Task objective — Reproduce only this stretch of the listing below: from the line with "Tall opalina/alabastro pink" through the line with "Signed Archimede Seguso Murano.", exactly as written, with pictures excluded.

(Beginning of Input)

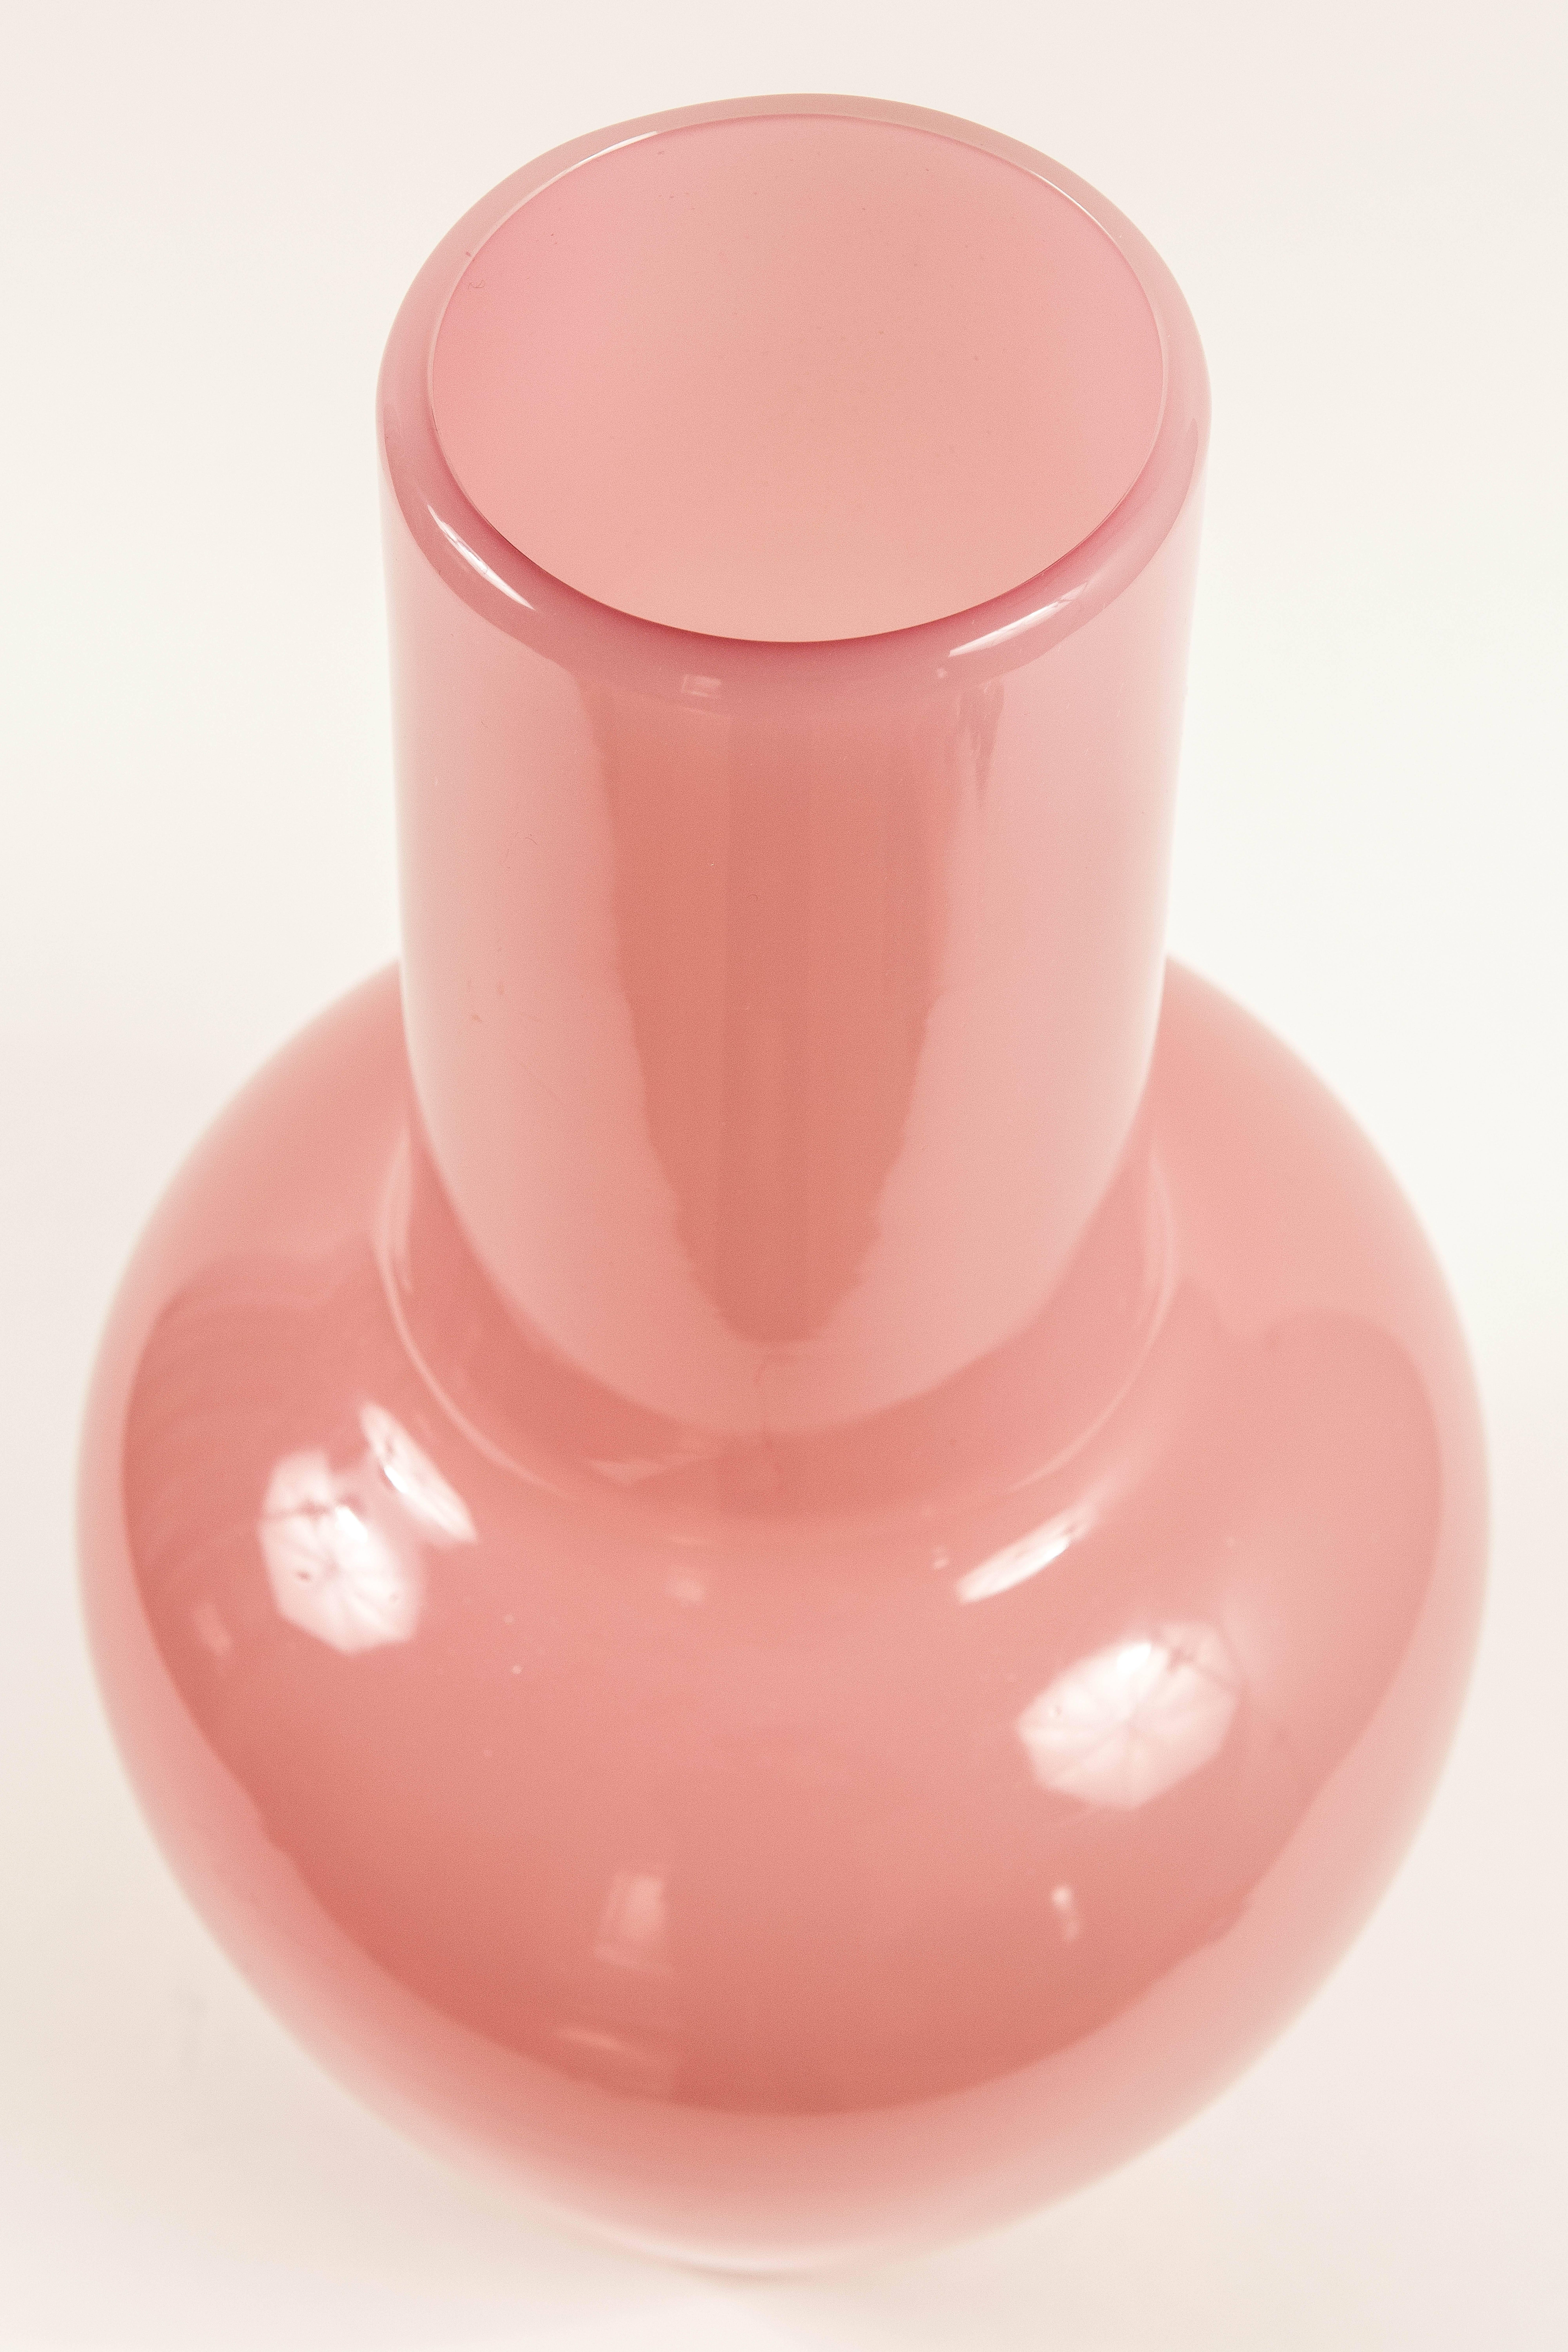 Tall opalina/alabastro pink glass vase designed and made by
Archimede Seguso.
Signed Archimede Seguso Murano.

(End of Input)
(Beginning of Input)

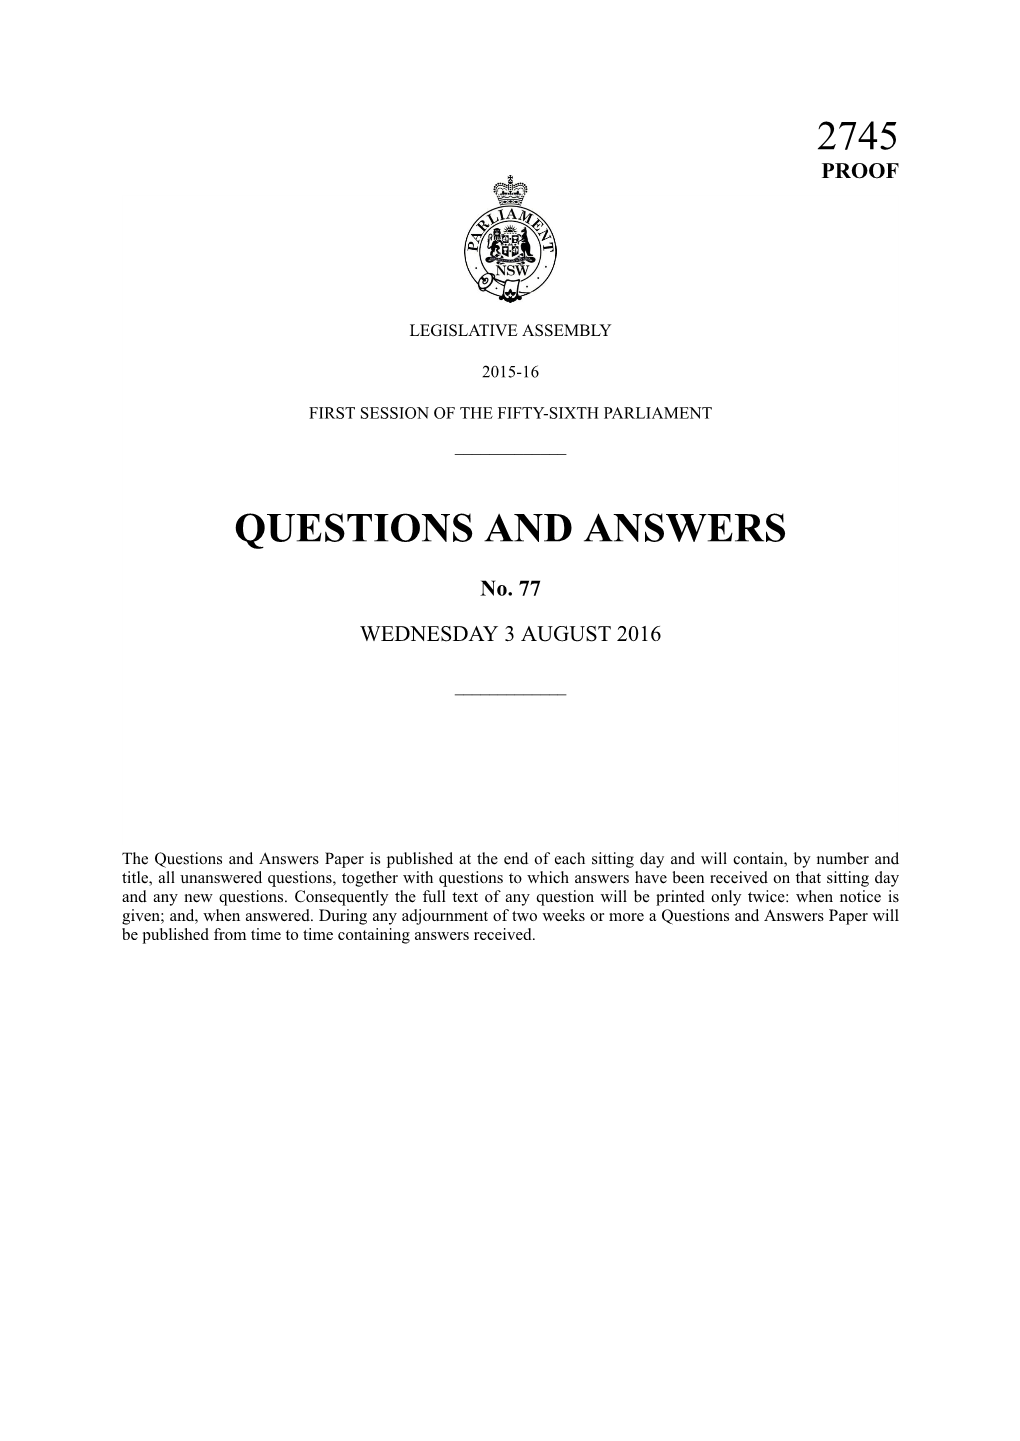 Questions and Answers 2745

(End of Input)

Solution to this task —
 Tall opalina/alabastro pink glass vase designed and made by
Archimede Seguso.
Signed Archimede Seguso Murano.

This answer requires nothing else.